One of the tools I use daily when developing our REST API is Postman. If you’ve not used Postman before, it’s billed as an “API Development Environment”, essentially allowing you to send HTTP requests from a flexible and clear GUI, while organising and saving them, and testing the responses received.

On top of the nice presentation Postman also has some features that elevate it beyond what you can do with a basic curl command, in particular the scripting functionality.

Our REST API requires a bearer token for most paths; if a request doesn’t include this as a header then it’ll return a 401 unauthorised response.
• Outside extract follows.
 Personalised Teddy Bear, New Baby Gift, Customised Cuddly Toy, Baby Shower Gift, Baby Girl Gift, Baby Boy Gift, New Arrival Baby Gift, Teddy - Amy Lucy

With postman scripting you can automate the process of logging in:

The first step is to set a collection to use a bearer token. This way every request in that collection will automatically get a header added with the key “Authorization” and the value “Bearer {token}”, where {token} is set to the value of the variable RestApiToken.
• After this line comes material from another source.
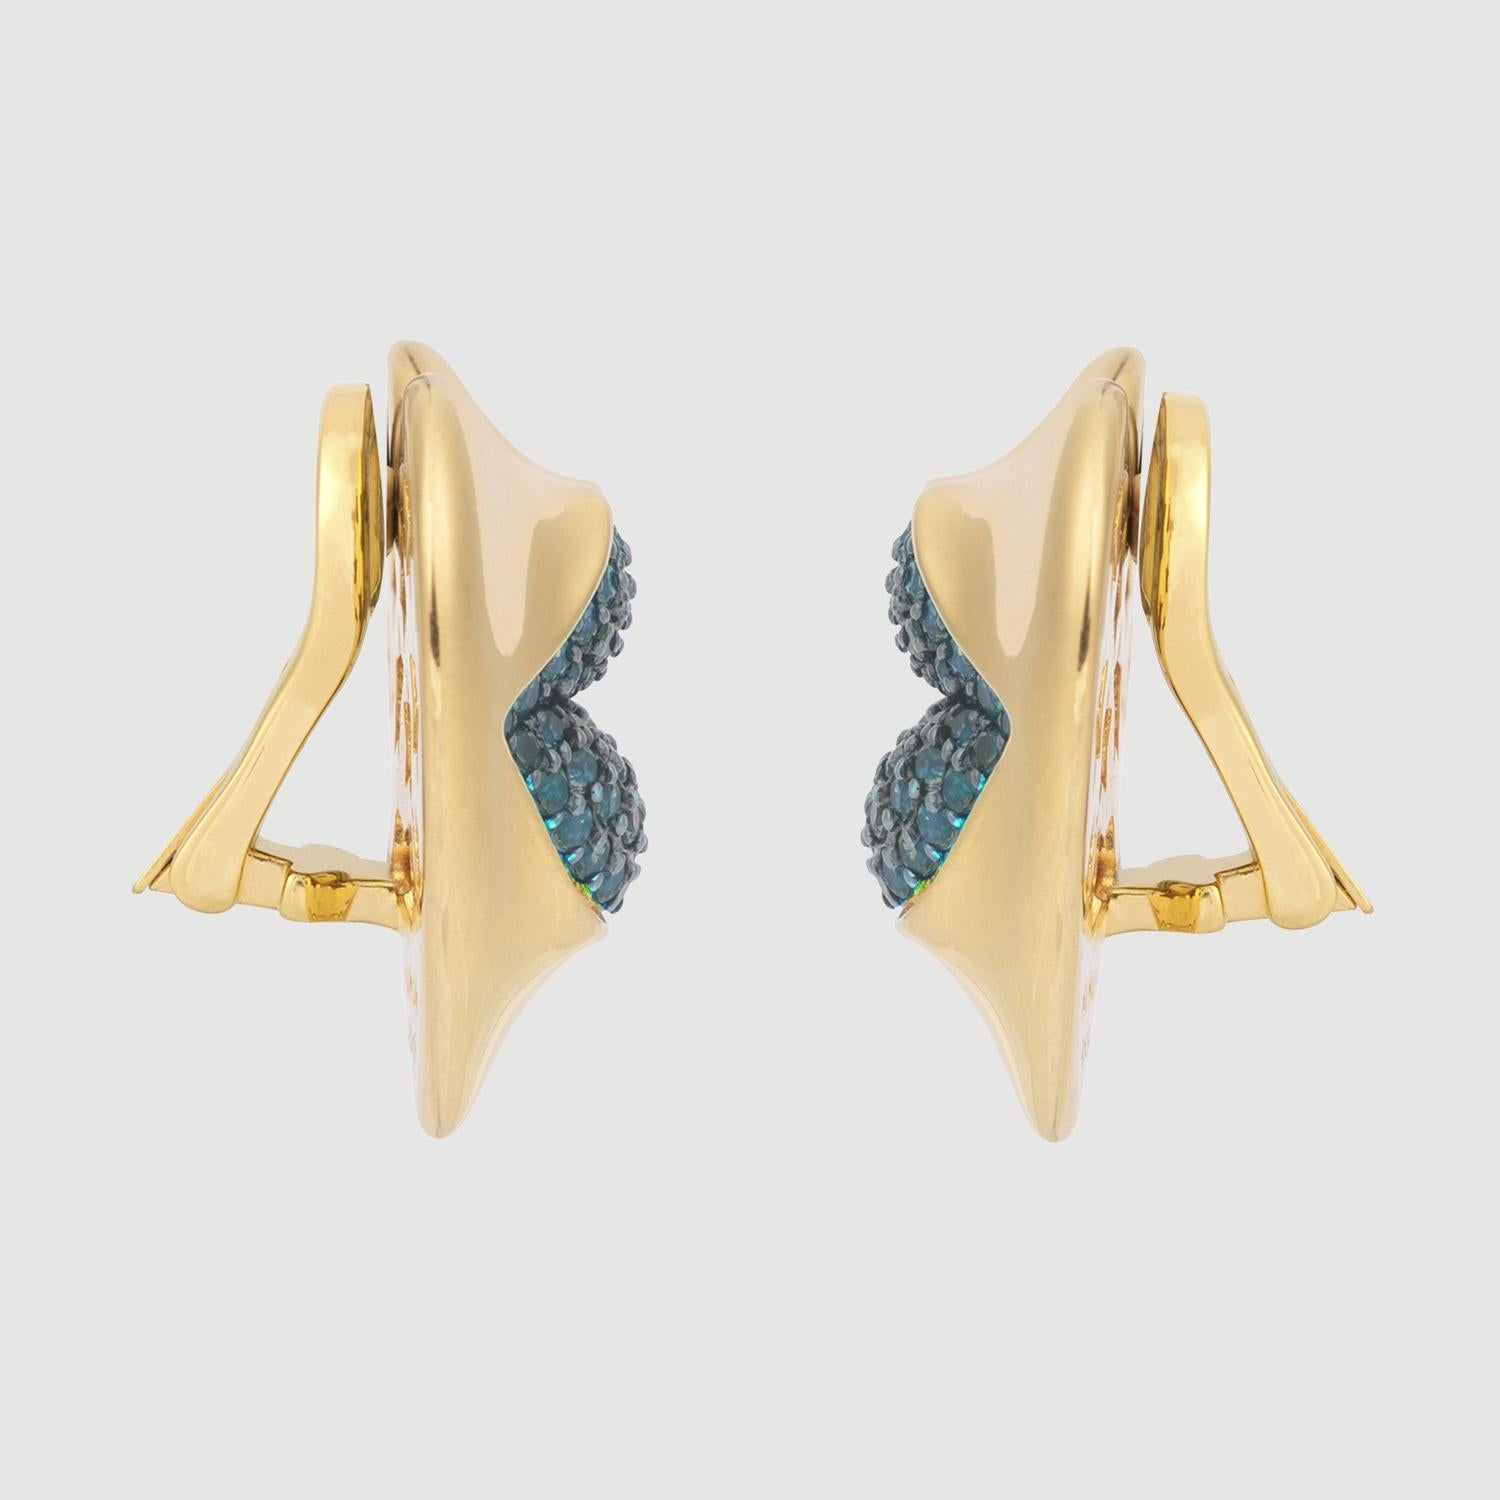 Love starts with the heart and lasts on the lips. These might be the sexiest earrings ever! Our sexy gold statement heart earrings with Aquamarine kisses. Shine your love on!

Composition: Sterling Silver, 18k gold vermeil and Rhodium plated.
Color:

setting up collection auth

Next, we need to set up a pre-request script, so that before any request in a collection, make sure we have a token:

var lifeTime = 60*60*1000; // 1 hour in ms
var tokenTimeStamp = pm.environment.get("RestApiTokenDate"); // timestamp of token (in ms since 1970)
var currentTimeStamp = new Date().getTime();

if (!tokenTimeStamp || (tokenTimeStamp + lifeTime) < currentTimeStamp ) {
    
        pm.sendRequest({
        url: pm.environment.get("RestApiHost") + '/' + pm.globals.get("apiPath") + '/logon?',
        method: 'POST',
        header: {
            'content-type': 'application/json',
    		'userId': 'admin',
    		'password': 'admin'
        },
        body: {}
    }, function (err, res) {
        pm.environment.set("RestApiToken", res.headers.get('token'));
        pm.environment.set("RestApiTokenDate", currentTimeStamp)
    });
    
}

the script within postman

This is a fairly straightforward script, but there are a few things to note:

  1. Here we’ve got the request hardcoded into the script, not necessarily ideal but the admin/admin user exists within our test system only and as default credentials that are useful for testing purposes. You could replace these with further variables as required.

  2. This script also stores an extra variable to track the age of the token: this way we can avoid generating a new token for each request. In our environment they last for an hour, and so we just make sure our token is less than one hour old.
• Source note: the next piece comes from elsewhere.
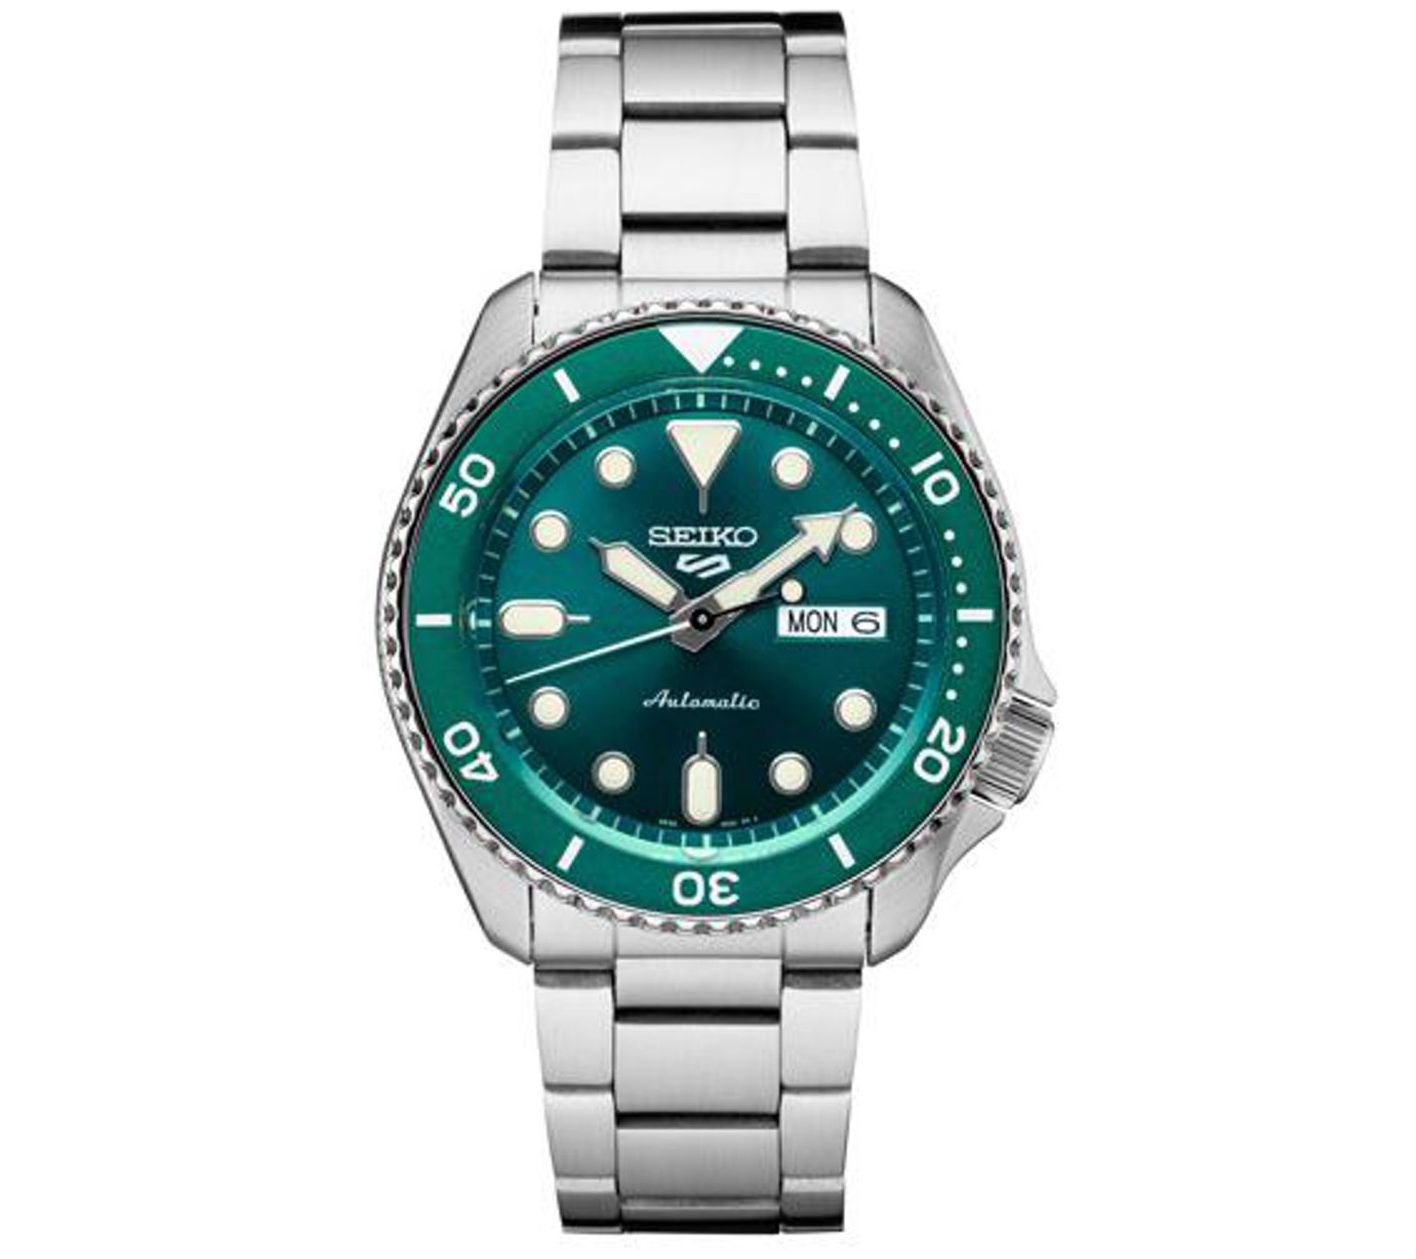 Seiko Men's Stainless Steel Teal Dial Watch - QVC.com

  3. We store the token and token date as environment variables - this way postman will track each separately between each environment, if you have more than one configured (such dev vs test). A JWT wouldn’t usually be reusable between different environments.

Of course, you can do all of this with python, bash, or powershell, if you prefer avoiding to use another tool, but Postman is easy to get up and gives you a really simple, clean workflow for common tasks along with a nice presentation of your saved requests.